Ahí es nada; y es que los nervios crecen entre las élites del consenso. Los populares han pasado de promover con los socialistas en Europa un cordón sanitario contra todos aquellos que defienden su soberanía y no comulgan con ruedas de molino, a la ofensa de Von der Leyen —que no ha sido votada por nadie— a un Primer Ministro que representa a una nación europea libre y soberana y que ha sido elegido por mayoría absoluta reiterada. De impulsar un cerco opresivo —asfixiante— en el que están ellos mismos atrapados junto con toda la euromorralla globalista y woke, que es ya menguante por antieuropea, al desprecio, la censura pública y la segregación política contra quienes han forjado una alternativa defendiendo un contradiscurso que ya era urgente y necesario.
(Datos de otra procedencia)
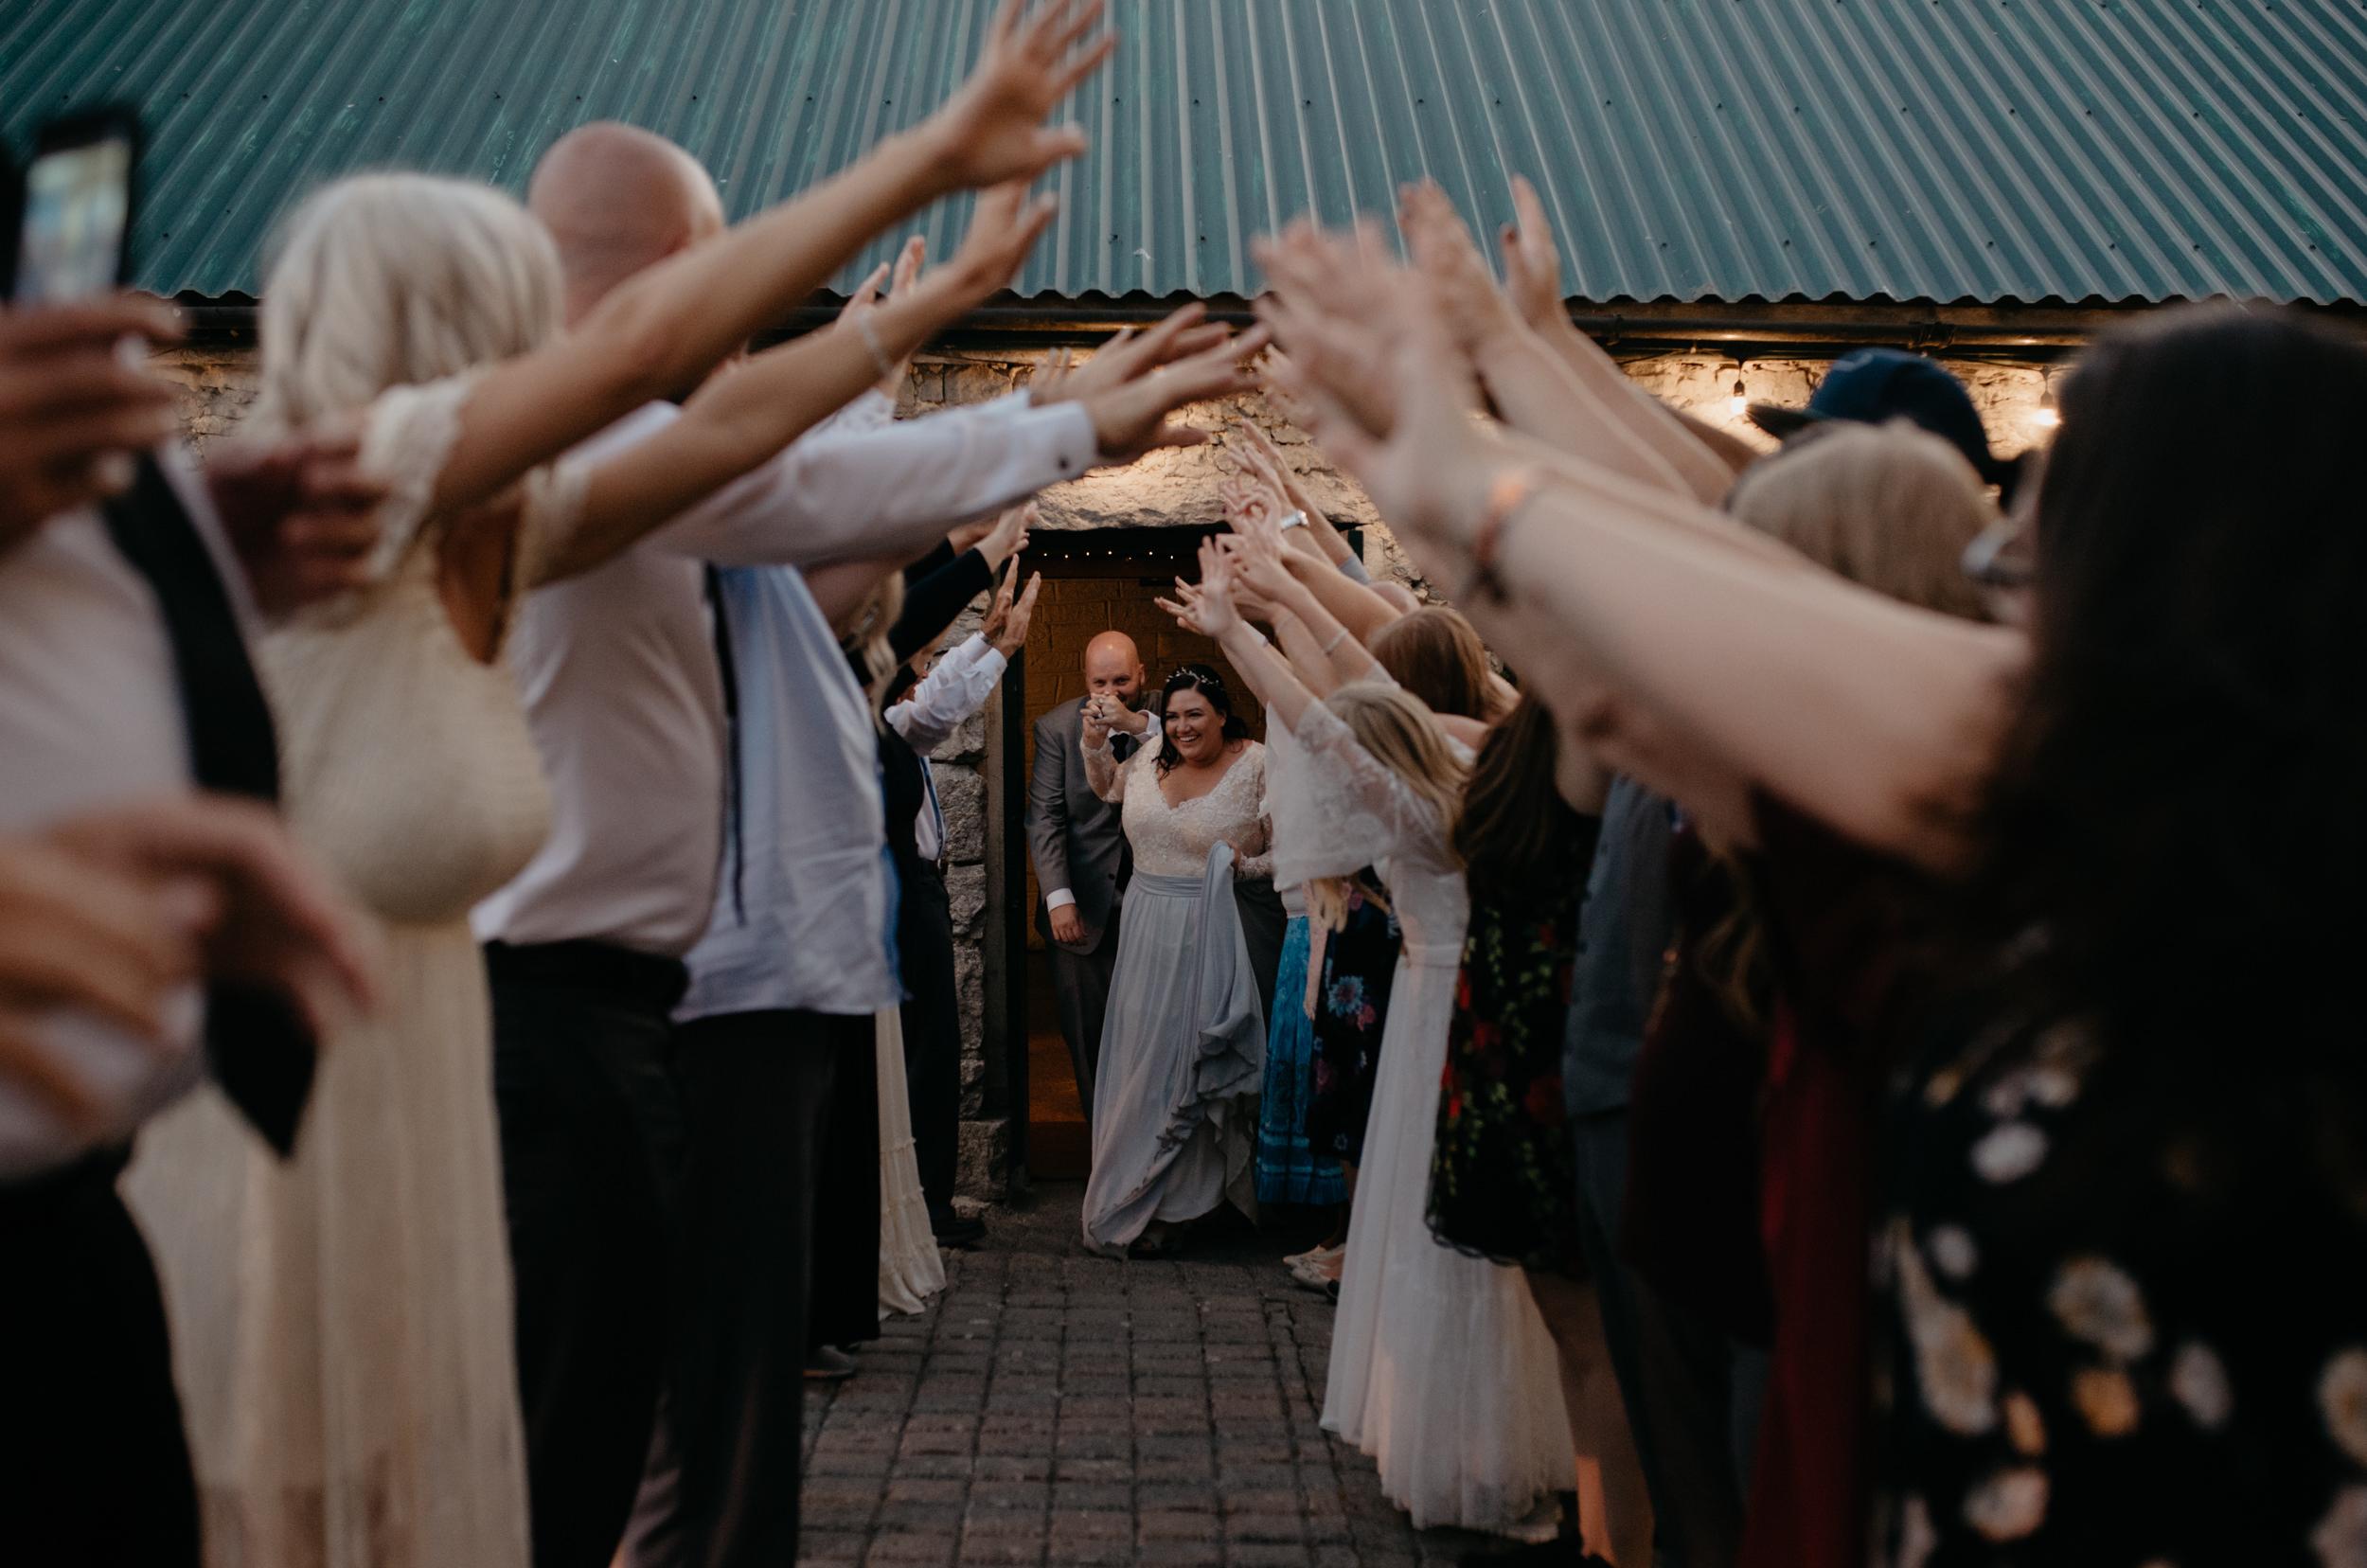 Grand exit at Ireland destination wedding. County Clare, Ireland wedding and elopement photographer.

Y, por urgente y necesario, se dicen las cosas como son, sin miedo a formular las verdades de Caronte; y no encubriendo bajo capa de bien una agenda ideológica luciferina con esa jerigonza envolvente, hueca y pegajosa que ya lo impregna todo hasta el hastío, como han hecho tan disciplinadamente todos y cada uno de los que la han promovido.
De repente hay media Europa que molesta profundamente al bloque del consenso: la de los patriotas alemanes, húngaros, franceses, italianos, españoles y tantos otros que van construyendo alianzas y forjando una respuesta sólida al estándar destructivo de las élites.
Y molesta mucho más de lo que pueden soportar, porque defienden y votan más vida, más protección a las familias, más comunidades locales fuertes, más competitividad empresarial e industrial, más soberanía alimentaria y energética, más libertad, más seguridad y más control de fronteras; menos corrupción, menos gasto político y expolio fiscal, menos agendas de grupos de presión, menos inmigración ilegal y sociedades paralelas, menos islamización y violencia, menos cultura de la muerte, menos adoctrinamiento en las escuelas y menos sexualización de los menores. Y ahora que la bailen, si pueden.
En España, el último episodio ha sido el demoledor informe de la Unidad Central Operativa de la Guardia Civil, que apunta al propio presidente del Gobierno como presunto número uno de lo que, de confirmarse en sede judicial, sería la mayor trama de corrupción de nuestra historia reciente; mayor incluso que aquel caso repugnante de los ERE de Andalucía, ya tan descafeinado por el Tribunal Constitucional. Ambos «marca PSOE». Una trama con múltiples ramificaciones de la que también saldría trasquilada la tercera autoridad del Estado —la presidenta del Congreso de los Diputados, Francina Armengol—.
En resumidas cuentas, el mundo es hoy un infierno en descomposición gracias a la izquierda y al radicalismo islámico; Europa es ya un continente desnaturalizado, que ha sido polarizado, violentado y traicionado desde dentro y que ha sacrificado con eficacia industrial lo que alguna vez tuvo de paraíso cultural, referente espiritual y paradigma de libertad, seguridad, progreso y bienestar; y España es hoy una nación dolida en congoja estupefacta y permanente, que ha sido secuestrada por la turbia amalgama de sus enemigos, un conglomerado digno de aquel atormentado Frankenstein de Mary Shelley cuyo único pegamento es el desprecio y el odio a España, y con un autócrata implacable que ya concentra sobre sí y sobre su entorno personal, familiar y político, la pericia policial y muy pronto también, probablemente, la lupa judicial. Esto está que arde.